The history of settlement in Estone, an area of ten thousand acres, and the circumstances of its coming into single ownership, cannot now be established. For nine miles it borders the south bank of the River Tame, and elsewhere its bounds are the River Cole, Spark Brook, 'Belgrave Brook', the River Rea, Newhall Brook, the Bourne (later called Hockley or Aston Brook), and Shire Brook. This area was naturally divided into four by Aston Brook, the Rea, and Wash Brook. Each of the later manors will be studied separately, but the 1086 statistics are for the whole of Estone. It cannot be claimed that all of the other settlements were then in existence, but some certainly were. The given ploughland, about a thousand acres, is more than the whole area of Aston Manor, of which it is known that only a tenth was arable two centuries later.

There were two thousand-odd acres of wood, which left the greater part of the land, 17 square miles, presumably covered by heath and meadow. 44 tenants (heads of household) were listed, 30 villeins, 12 bordars, one serf and a priest, giving a total population of about 220, or ten persons to the square mile. There was a watermill on the Tame, one of only three within the present City bounds, the others being at Hamstead and Bromford.

Estone Mill, worth three shillings in tax annually, survived with several rebuildings for more than eight centuries. No fishery was recorded, though millweirs usually had traps for fish. The first church is assumed to have been in existence, as there was a resident priest. His spiritual lord was the Bishop of Lichfield.
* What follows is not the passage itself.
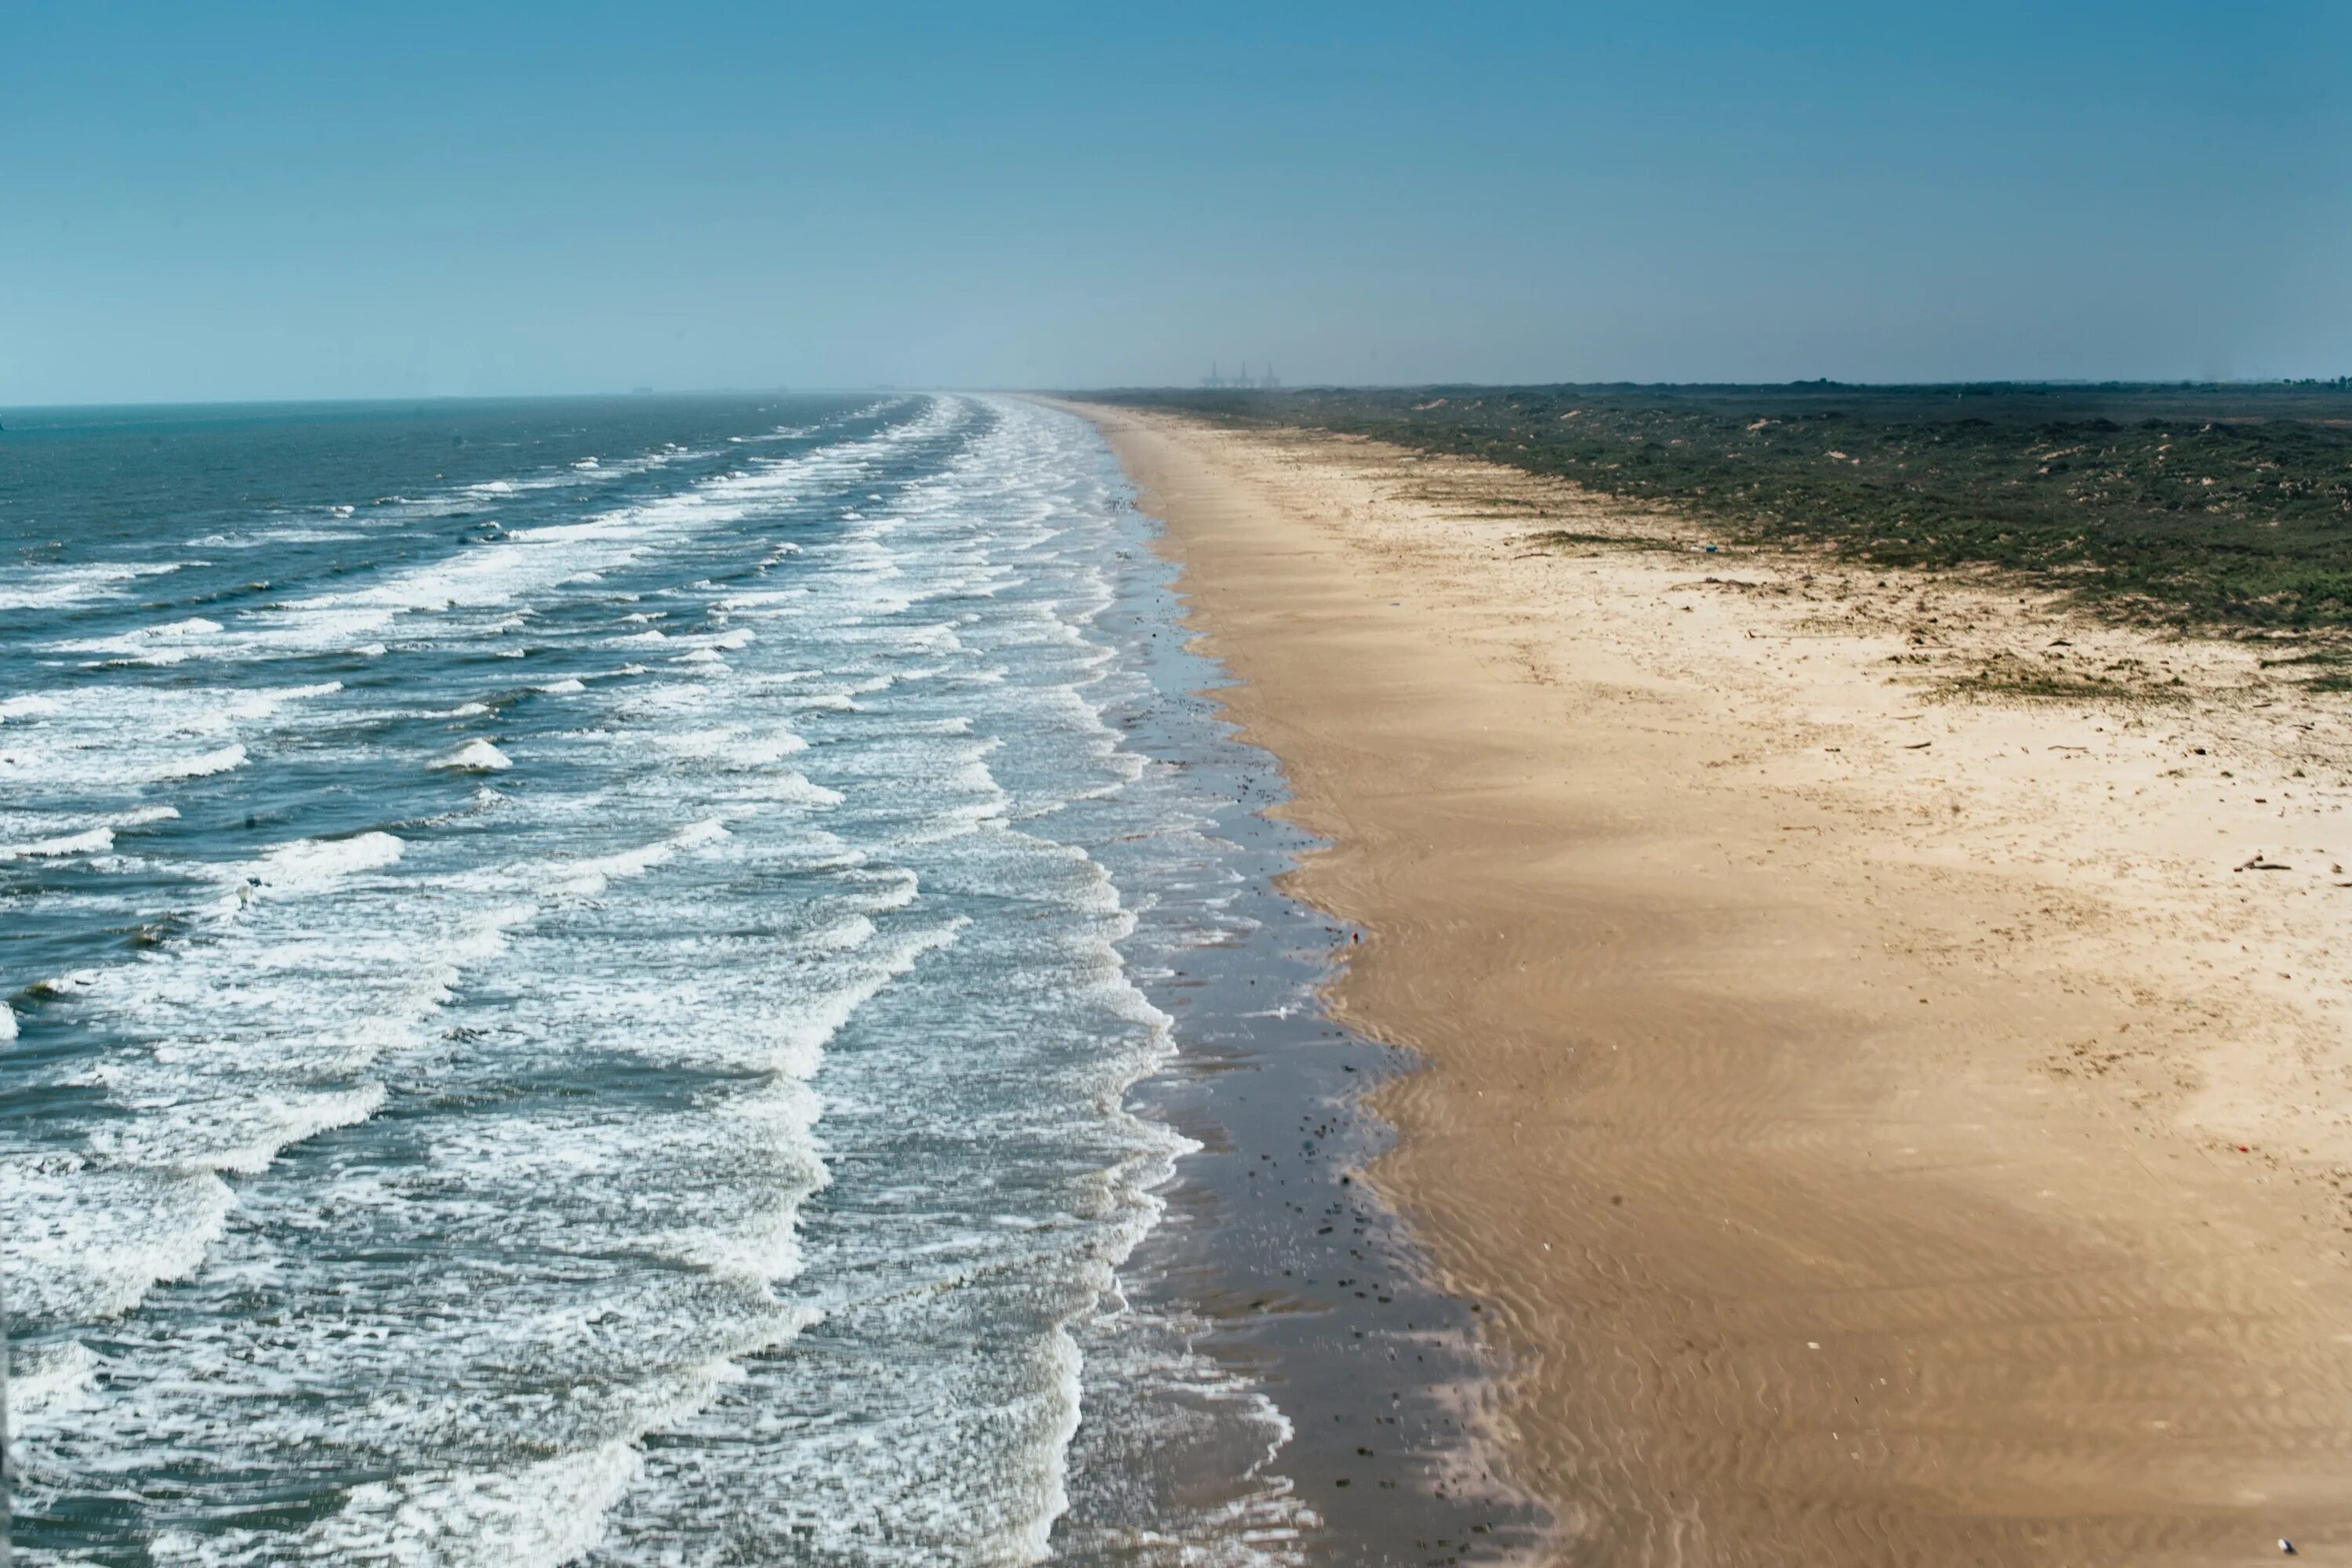 Волна береговое. Техас побережье мексиканского залива. Море. Волны на берегу. Прибрежные воды морей.

The only other priest hereabout was at Northfield, in Worcester Diocese.

Estone was worth £5 in annual tax, having had modest growth since the 1065 return of £4. Its lord and sitting tenant was an Anglo-Saxon, Godmund. He had held the manor as a tenant of Earl Eadwin of Mercia, whose property had been confiscated by William the Conqueror after his second rebellion. The king retained some lands, e.g. Sutton and Bromsgrove - the latter including (Kings) Norton and Moseley - but he allotted about eighty manors to his ally, Ansculf of Pecquigny.

Estone, Bermingham, Hardintone (Erdington) and Honesworde (Handsworth) were among these. By 1086, when William fitz-Ansculf was tenant-in-chief, most manors had been allotted to his father's or his own followers : this was so at Erdington, but Godmund had contrived to remain in possession of the largest of the local manors, Estone. Stannechetel had been the freeholder of Wytone (Witton), and though he retained the property he did so as a vassal of fitz-Ansculf. The Conqueror had ruled that 'every man must have a lord'.